Если быть неотступно преследуемым этим модусом исчезновения, а вовсе не режимом производства, означает быть нигилистом, тогда я нигилист. Исчезновение, афаниз, имплозия, Furie des Verschwindens94. Трансполитическое это избирательная сфера режима исчезновения (реального, смысла, сцены, истории, социального, индивида). По правде сказать, это больше не столько нигилизм: в исчезновении, в пустынной, алеаторной и безразличной форме, нет больше даже пафоса, патетики нигилизма – этой мифической энергии, которая еще составляет силу нигилизма, радикальности, мифического отрицания, драматической антиципации. Это даже больше не разочарованность, с присущей ей самой по себе разочарованной тональностью, соблазнительной и ностальгической тональностью разочарования. Это просто-напросто исчезновение.
Следы этой радикальности модуса исчезновения можно обнаружить уже у Адорно и Бенджамина, параллельно ностальгическому упражнению в диалектике. Поскольку существует ностальгия диалектики, и, несомненно, самая тонкая диалектика сразу становится ностальгической. Но если взглянуть глубже, у Бенджамина и Адорно присутствует иная тональность, тональность меланхолии, связанной с самой системой, неизлечимая и находящаяся за пределами любой диалектики. Именно эта меланхолия систем берет сегодня верх сквозь окружающие нас иронично прозрачные формы. Именно она становится нашей фундаментальной страстью.
Это больше не spleen или волна разочарования конца века. Это больше также не нигилизм, который стремится в каком-то роде все нормализовать посредством деструкции, страсть рессентимента. Нет, меланхолия это фундаментальная тональность функциональных систем, актуальных систем симуляции, программирования и информации. Меланхолия это качество, присущее модусу исчезновения смысла, режиму улетучивания смысла в операциональных системах. И мы все меланхоличны.
Меланхолия это то жестокое охлаждение, охлаждение пресыщенных систем. Потому что надежда привести в равновесие добро и зло, истинное и ложное, даже столкнуть некоторые ценности того же порядка, более обобщенная надежда на отношение силы и ставки, куда-то исчезла. Повсюду, всегда, система слишком сильна: стремится к гегемонии.
Можно вооружиться хитростями желания против данной гегемонии, заниматься революционной микрологией повседневности, активизировать молекулярный дрейф или даже осуществлять апологию кухни. Все это не разрешит крайней необходимости привести к краху систему в полном расцвете.

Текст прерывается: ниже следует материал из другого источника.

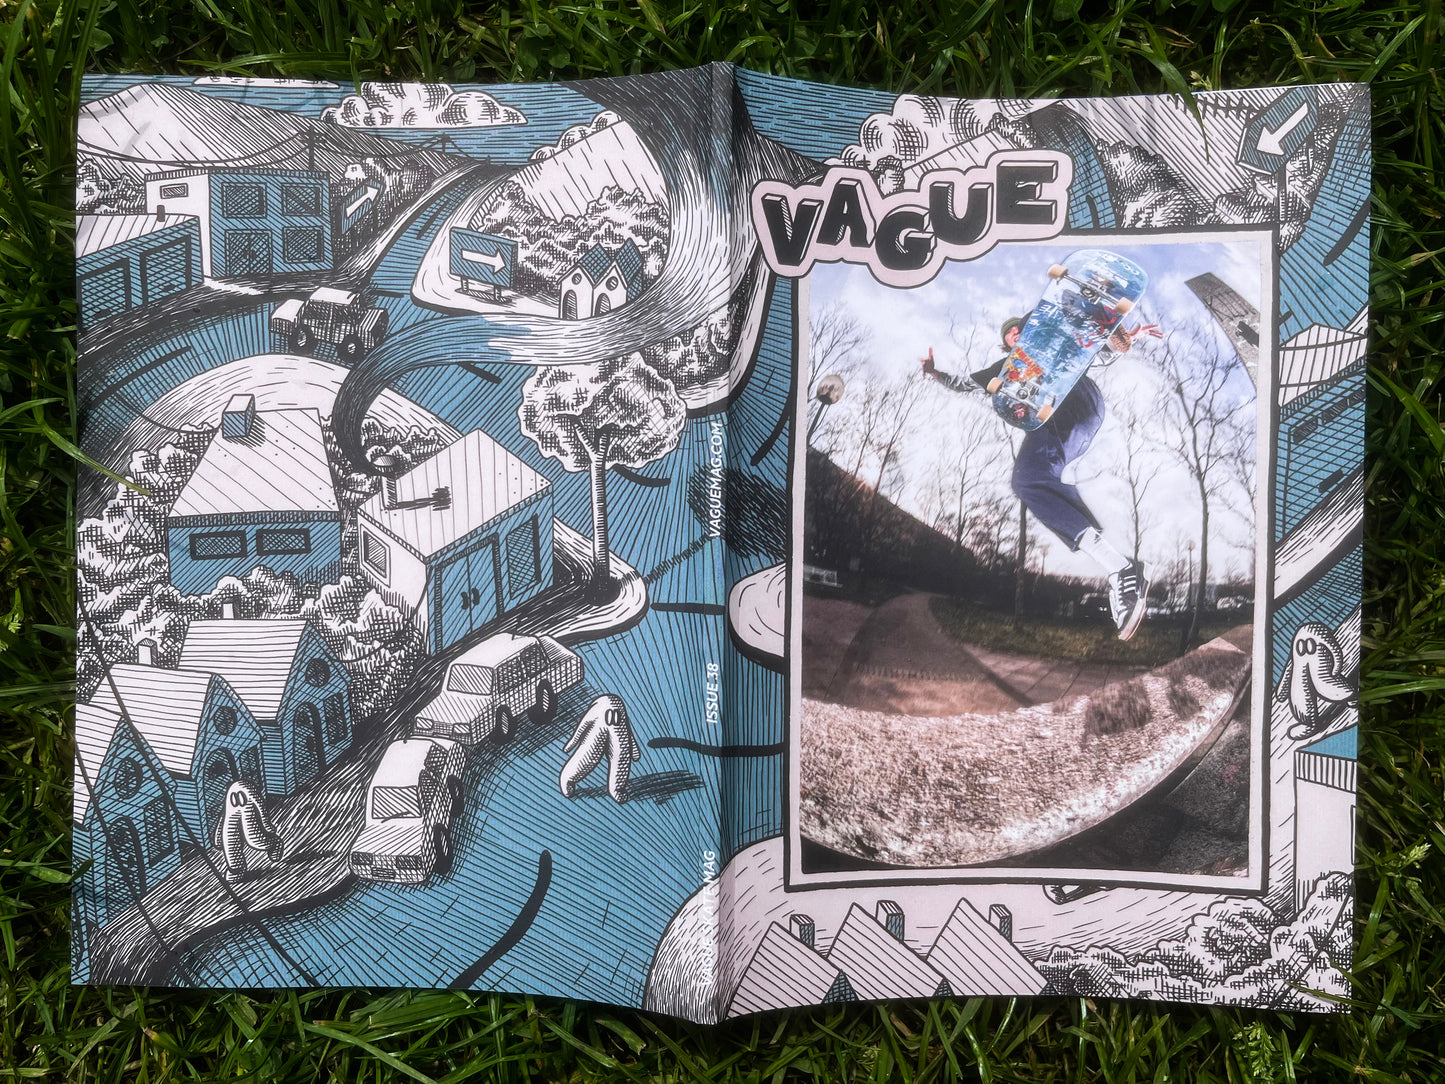 Vague Issue 38

Все это осуществляет только терроризм.
Он является той чертой реверсирования, которая стирает остаток, как мимолетная ироничная улыбка стирает целый разговор, как одна вспышка отрицания у раба стирает всю мощь и наслаждение хозяина.

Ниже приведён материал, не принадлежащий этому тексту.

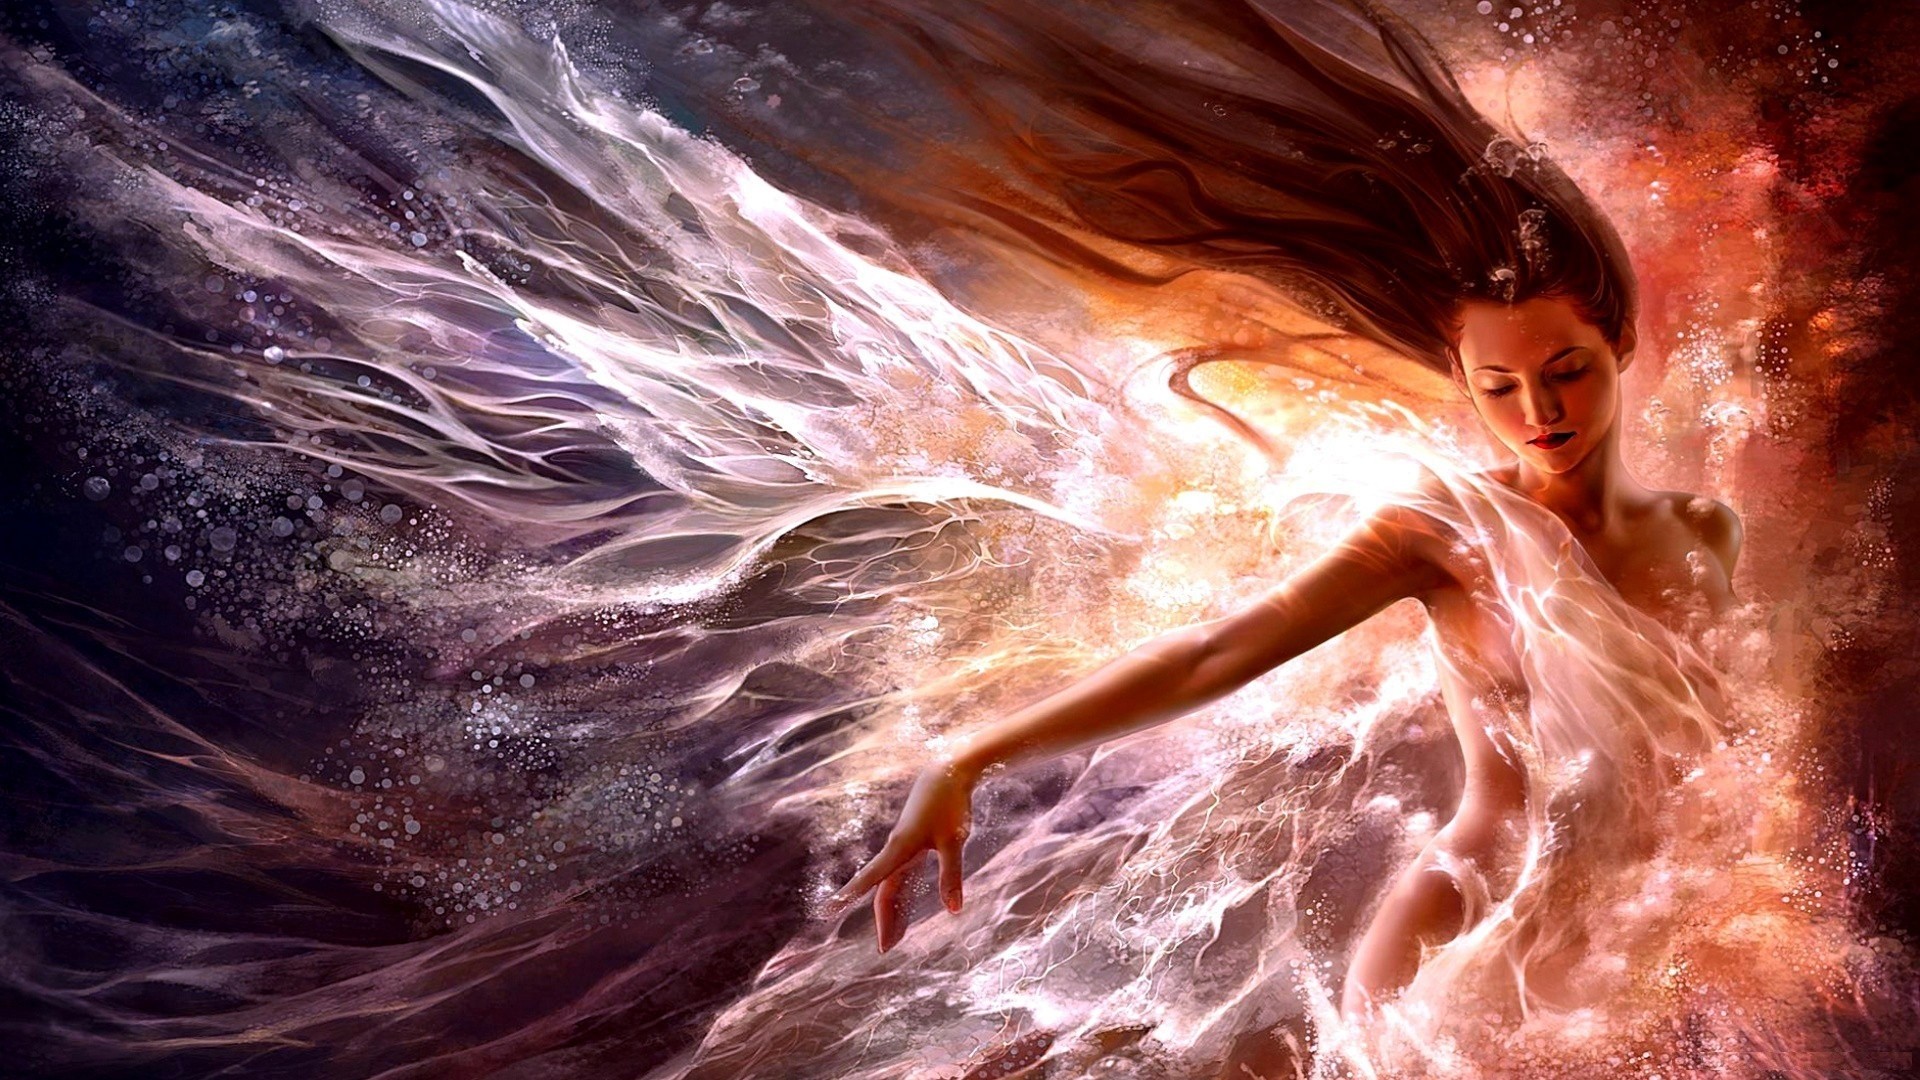 1920x1080 Fairy Pics Wallpapers (47 Wallpapers)

Чем более гегемонистской является система, тем под более сильный удар от мельчайшего реверса попадает воображение. Вызов, даже ничтожный, является отражением поломки в цепи. И только эта несравнимая обратимость привлекает сегодня всеобщее внимание, на нигилистской и заброшенной сцене политического. Только она мобилизует воображаемое.

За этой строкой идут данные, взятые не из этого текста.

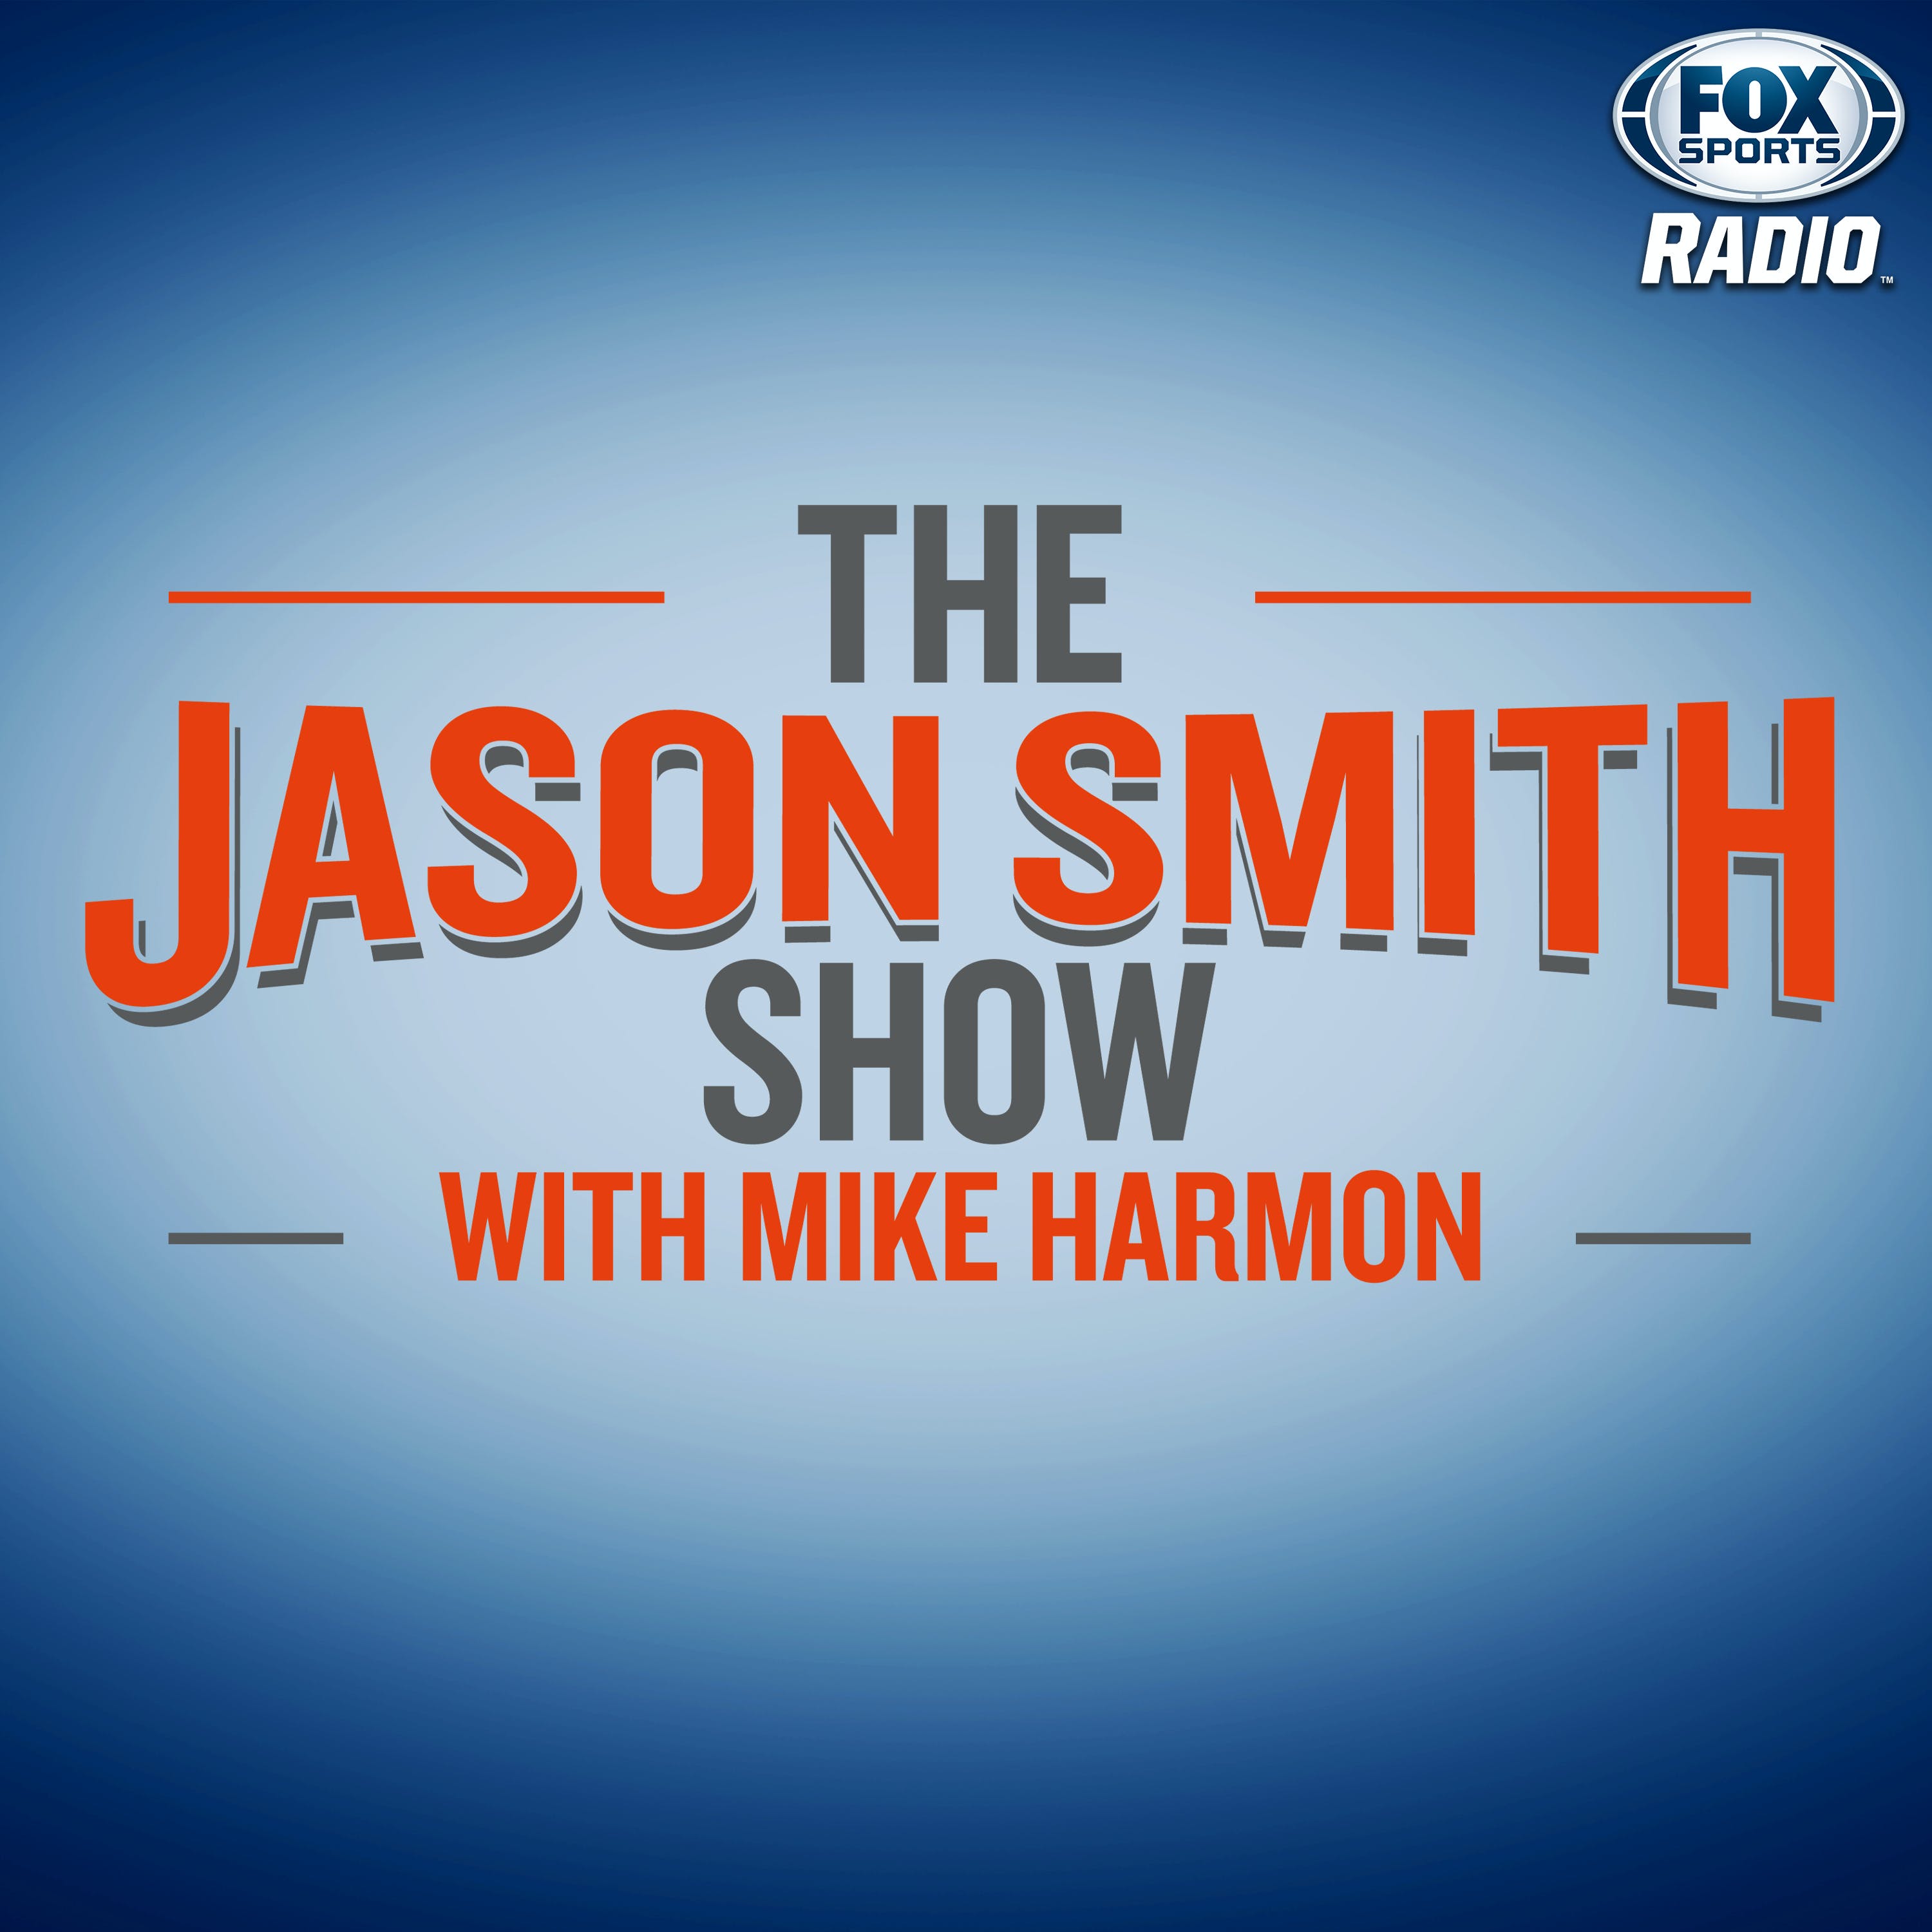 03/01/2021 - Best of The Jason Smith Show

Если быть нигилистом значит нести, за невыносимую грань гегемонистских систем, эту радикальную черту насмешки и жестокости, этот вызов, на который система обязана ответить собственной смертью, тогда я террорист и нигилист в теории, как другие ими являются при помощи оружия. Теоретическая жестокость, но не истина, является единственным оружием, которое нам остается.
Но все это, утопия. Поскольку было бы прекрасно быть нигилистом, если бы еще имела место радикальность – как если было бы прекрасно быть террористом, если смерть, включая смерть террориста, обладала бы еще смыслом.
Но именно здесь вещи становятся неразрешимыми. Так как на этот активный нигилизм радикальности система отвечает собственным нигилизмом нейтрализации. Сама система также является нигилистской, в том смысле, что она обладает способностью сохранять все, включая то, что ее отрицает, в состоянии безразличия.
В данной системе, сама смерть сверкает своим отсутствием. Болонский вокзал, Munich(ский) Oktoberfest95: умершие нейтрализуются безразличием, вот где терроризм становится невольным сообщником всей системы: не политически, а в ускоренной форме безразличия, навязыванию которой он способствует. Смерть не имеет больше ни фантазматичной, ни политической сцены, на которой она могла бы изображаться, разыгрываться, церемониальная или жестокая. И это, победа другого нигилизма, другого терроризма, победа системы.
Не существует больше сцены, даже минимальной иллюзии, создающей впечатление, будто события могли бы возыметь силу реальности – больше никакой сцены, ни ментальной или политической солидарности: что нам до Чили, Бьяфры, эмигрантов на кораблях, Болоньи или Польшы? Все это уходит в небытие на экране телевизора. Мы живем в эру событий без последствий (и теорий без последствий).